DeepSeek-R1: Enhanced Reasoning Model
cminst/DSR17B-templatefixes is a 7.6 billion parameter model derived from DeepSeek-R1, developed by DeepSeek-AI. This model focuses on advanced reasoning capabilities, building upon the DeepSeek-R1 architecture which was trained using large-scale reinforcement learning (RL) without initial supervised fine-tuning (SFT) to foster complex chain-of-thought (CoT) exploration. DeepSeek-R1 addresses early challenges like repetition and poor readability by integrating cold-start data before the RL phase, significantly improving its reasoning performance.
Key Capabilities
- Advanced Reasoning: Excels in math, code, and general reasoning tasks, achieving performance comparable to OpenAI-o1.
- RL-Driven Development: Demonstrates that reasoning can be incentivized purely through RL, enabling self-verification and reflection.
- Distillation Potential: The DeepSeek-R1 framework supports distilling reasoning patterns into smaller models, leading to strong performance in more compact architectures.
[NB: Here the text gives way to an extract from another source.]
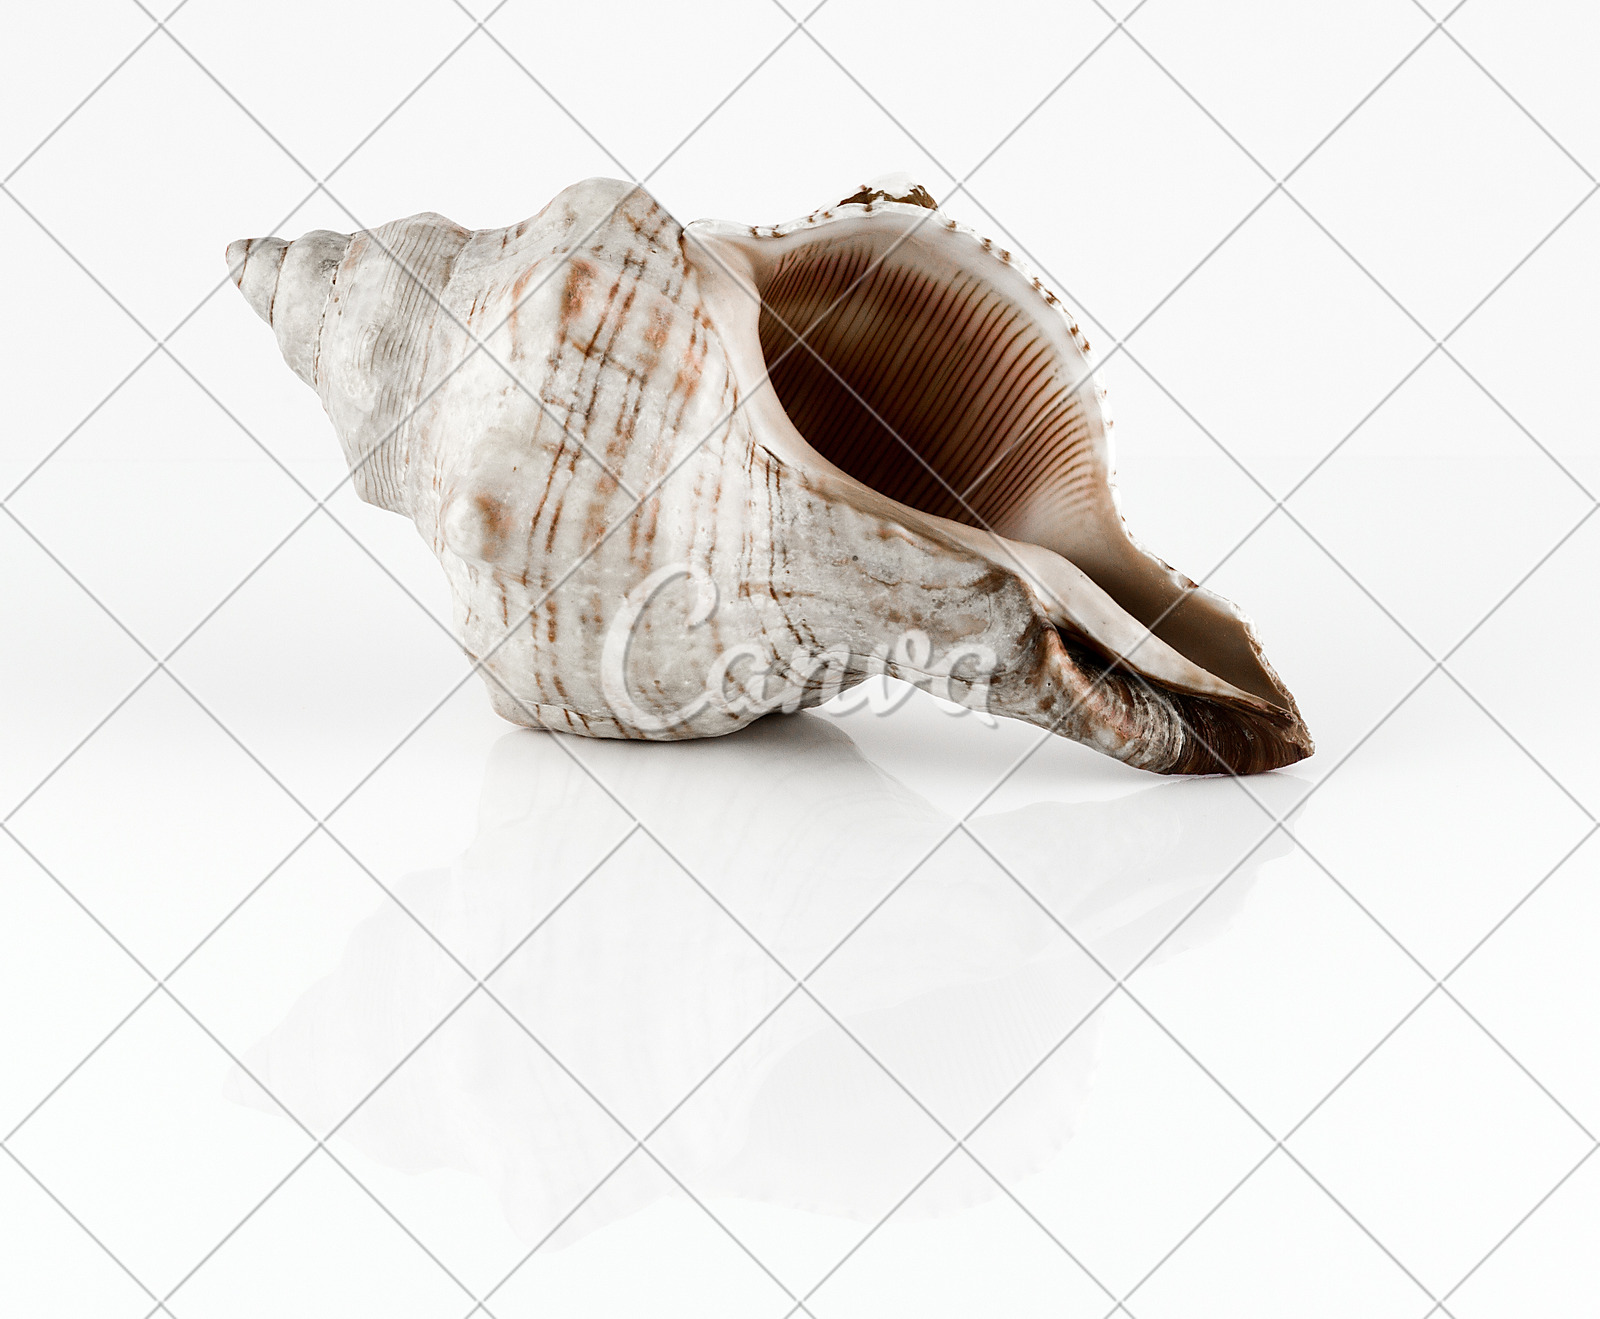 贝壳海螺无脊椎动物自然纪念品螺线软体动物反射微生物摄影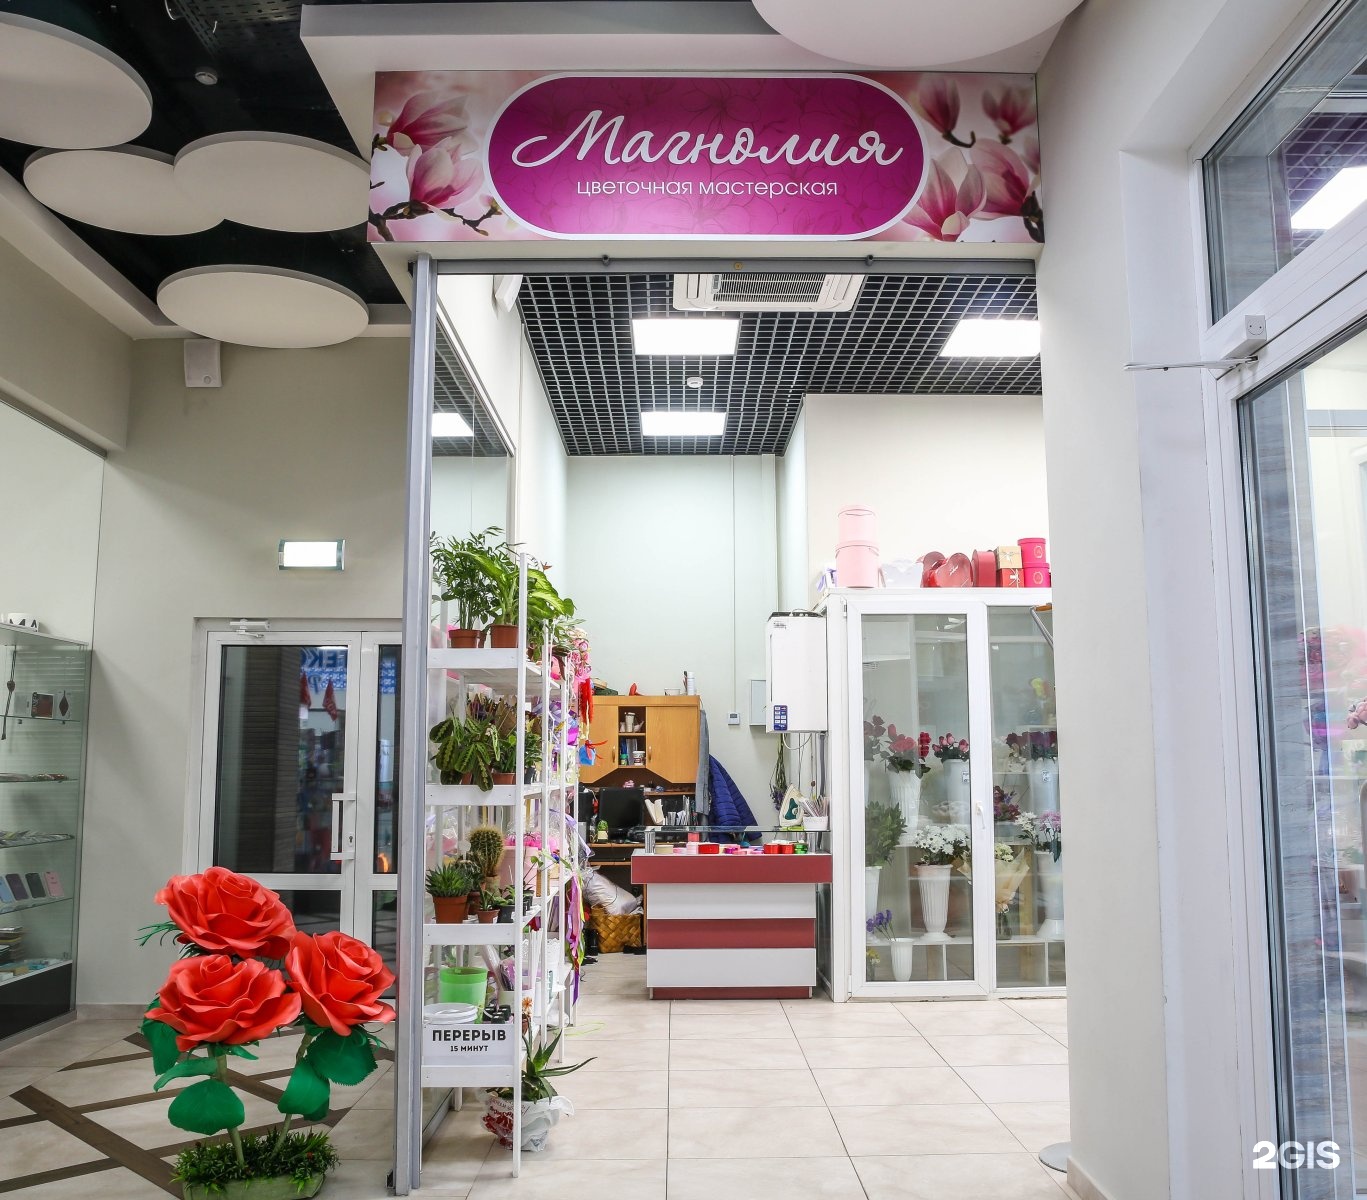 Цветочный магазин улан удэ. Название цветочного магазина. Название магазина цветов. Названия магазина с цветами. Название салона цветов.

- Extended Context: Features a 32768 token context length for handling longer and more complex inputs.
Usage Recommendations
- Optimal performance is achieved with a temperature between 0.5-0.7 (0.6 recommended).
- Avoid system prompts; integrate all instructions within the user prompt.
- For mathematical problems, include a directive like "Please reason step by step, and put your final answer within \boxed{}".
- Enforce the model to start responses with "\n" to ensure thorough reasoning.